UNITED STATES

SECURITIES AND EXCHANGE COMMISSION

WASHINGTON, D.C. 20549


FORM 8-K


CURRENT REPORT

PURSUANT TO SECTION 13 OR 15(d) OF THE

SECURITIES EXCHANGE ACT OF 1934

 

Date of Report (Date of earliest event reported): February 14, 2007


EQUIFAX INC.

(Exact Name of Registrant as specified in Charter)


Georgia

 

001-06605

 

58-0401110

(State or other jurisdiction of

 

(Commission File Number)

 

(I.R.S. Employer

incorporation or organization)

 

 

 

Identification No.)

 

1550 Peachtree St., N.W.

 

30309

Atlanta, GA

 

(Zip Code)

(Address of principal executive offices)

 

 

 

Registrant’s telephone number, including area code: 404-885-8000

 

Not Applicable

(Former Name or Former Address, if Changed Since Last Report)

 


Check the appropriate box below if the Form 8-K filing is intended to simultaneously satisfy the filing obligation of the registrant under any of the following provisions:

x

Written communications pursuant to Rule 425 under the Securities Act (17 CFR 230.425)

o

Soliciting material pursuant to Rule 14a-12 under the Exchange Act (17 CFR 240.14A-12)

o

Pre-commencement communications pursuant to Rule 14d-2(b) under the Exchange Act (17 CFR 240.14d-2(b))

o

Pre-commencement communications pursuant to Rule 13e-4(c) under the Exchange Act (17 CFR 240.13e-4(c))

 

 




ITEM 1.01 — Entry into a Material Definitive Agreement.

On February 14, 2007, Equifax Inc. (“Equifax”) and TALX Corporation (“TALX”) entered into an Agreement and Plan of Merger (the “Merger Agreement”) which provides that TALX will merge with and into Chipper Corporation (“Merger Sub”), a Missouri corporation and a wholly-owned subsidiary of Equifax (the “Merger”).  As a result of the Merger, the separate corporate existence of TALX will cease and Merger Sub will continue as the surviving corporation in the Merger wholly-owned by Equifax.

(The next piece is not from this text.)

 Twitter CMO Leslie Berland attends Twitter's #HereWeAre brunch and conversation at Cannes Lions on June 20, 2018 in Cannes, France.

Concurrently, Equifax entered into a Shareholder Agreement (the “Shareholder Agreement”) with William W. Canfield, the Chairman of the Board, Chief Executive Officer, and President of TALX who owns approximately 6% of TALX’s outstanding common stock.  In the Shareholder Agreement, Mr. Canfield has agreed that his TALX shares will be voted in favor of the Merger.

THE MERGER AGREEMENT

Subject to the terms and conditions of the Merger Agreement, at the effective time and as a result of the Merger, each share of TALX common stock outstanding immediately prior to the effective time of the Merger (other than shares as to which appraisal rights are properly asserted under Missouri law and shares owned by Equifax, TALX, or their respective wholly-owned subsidiaries) will be converted into the right to receive, subject to proration as described below, either (i) 0.861 of a share of Equifax common stock or (ii) $35.50 in cash, as elected by holders of TALX common stock.  This election is subject to the limitation that 75% of the outstanding shares of TALX common stock be exchanged for Equifax common stock and 25% for cash, with proration to be applied in the event of oversubscription.  TALX stock options that are outstanding at the time of completion of the Merger, whether vested or unvested, will be converted into vested options to purchase shares of Equifax common stock.

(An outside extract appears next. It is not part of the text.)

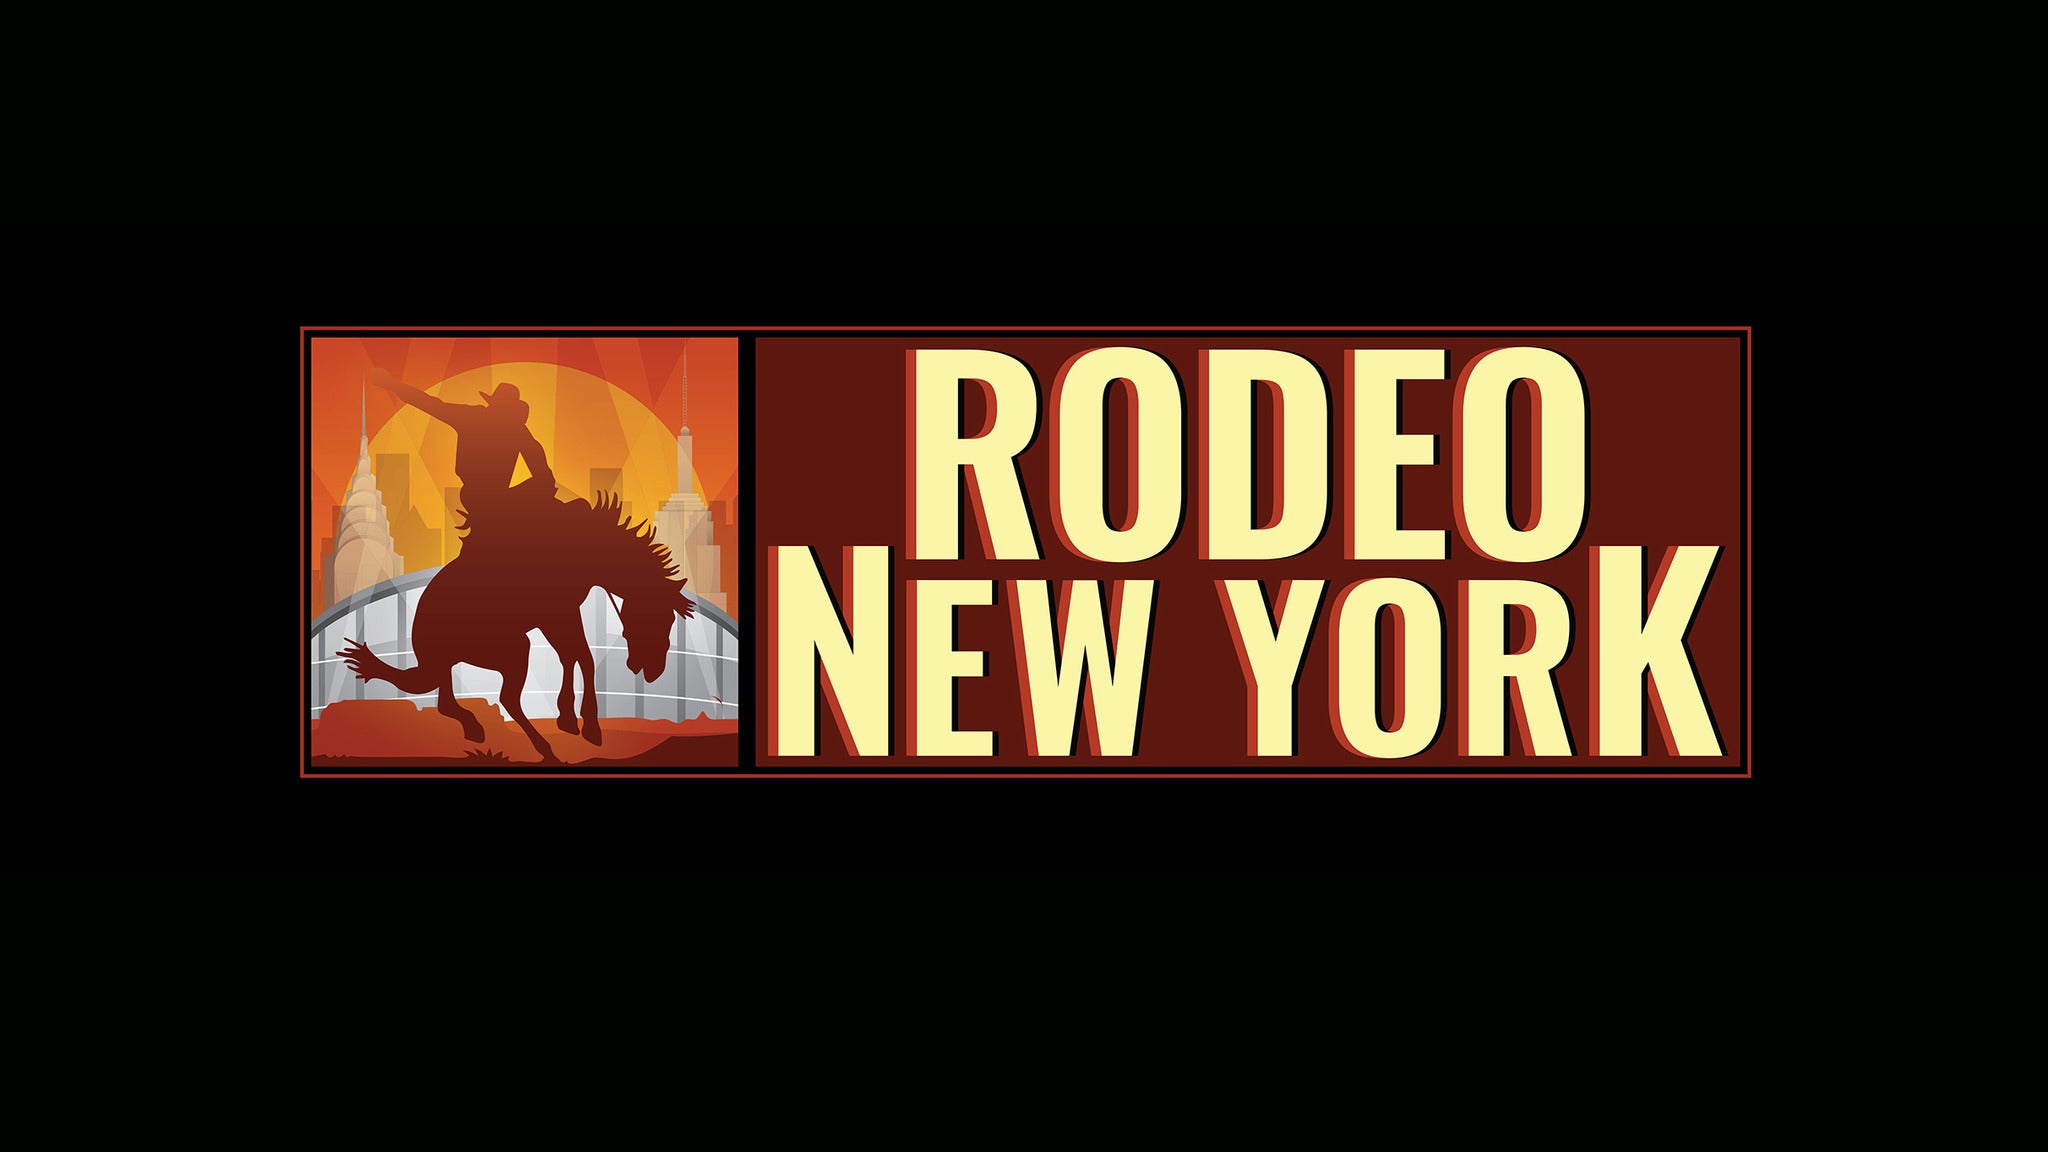 THE COWBOY CHANNEL presents "RODEO NEW YORK" in New York promo photo for Official Platinum presale offer code

TALX and Equifax have made customary representations, warranties, and covenants in the Merger Agreement, including, among other things, covenants: (i) to conduct their business in the ordinary and usual course during the interim period between the execution of the Merger Agreement and the consummation of the Merger, (ii) not to engage in certain types of transactions during such period, (iii) that TALX will convene and hold a meeting of the shareholders of TALX to consider and vote upon the approval of the Merger, and (iii) that, subject to certain exceptions, TALX’s board of directors will continue to recommend approval of the Merger to its shareholders.  In addition, TALX made certain additional customary covenants, including, among others, covenants not to: (i) solicit or knowingly facilitate inquiries or proposals relating to alternative business combination transactions or (ii) subject to certain exceptions, engage in discussions or negotiations regarding, or provide any non-public information in connection with, alternative business combinations.

The representations and warranties Equifax and TALX made to each other in the Merger Agreement were made as of specific dates and are subject to qualifications and limitations agreed to by the parties in connection with negotiating the terms of the Merger Agreement.  Moreover, these representations and warranties are subject to contractual standards of materiality that may be different from those generally applicable to disclosures to shareholders and in some cases may have been made solely for the purpose of providing contractual rights and remedies to the parties rather than to establish matters as facts.  Accordingly, you should not rely on the representations and warranties as characterizations of the actual state of affairs.

Consummation of the Merger is subject to customary conditions, including: (i) approval of the Merger Agreement by the holders of two-thirds of the outstanding shares of TALX common stock, (ii) absence of certain laws or orders prohibiting the consummation of the Merger, and (iii) expiration or termination of the Hart-Scott-Rodino Act waiting period and certain other regulatory approvals.  Each party’s obligation to consummate the Merger is subject to certain other conditions, including (i) subject to certain exceptions, the accuracy of the representations and warranties of the other party, (ii) performance in all material respects of the other party of its obligations, and (iii) the delivery of customary opinions from counsel to Equifax and counsel to TALX that the Merger will qualify as a tax-free reorganization for federal income tax purposes.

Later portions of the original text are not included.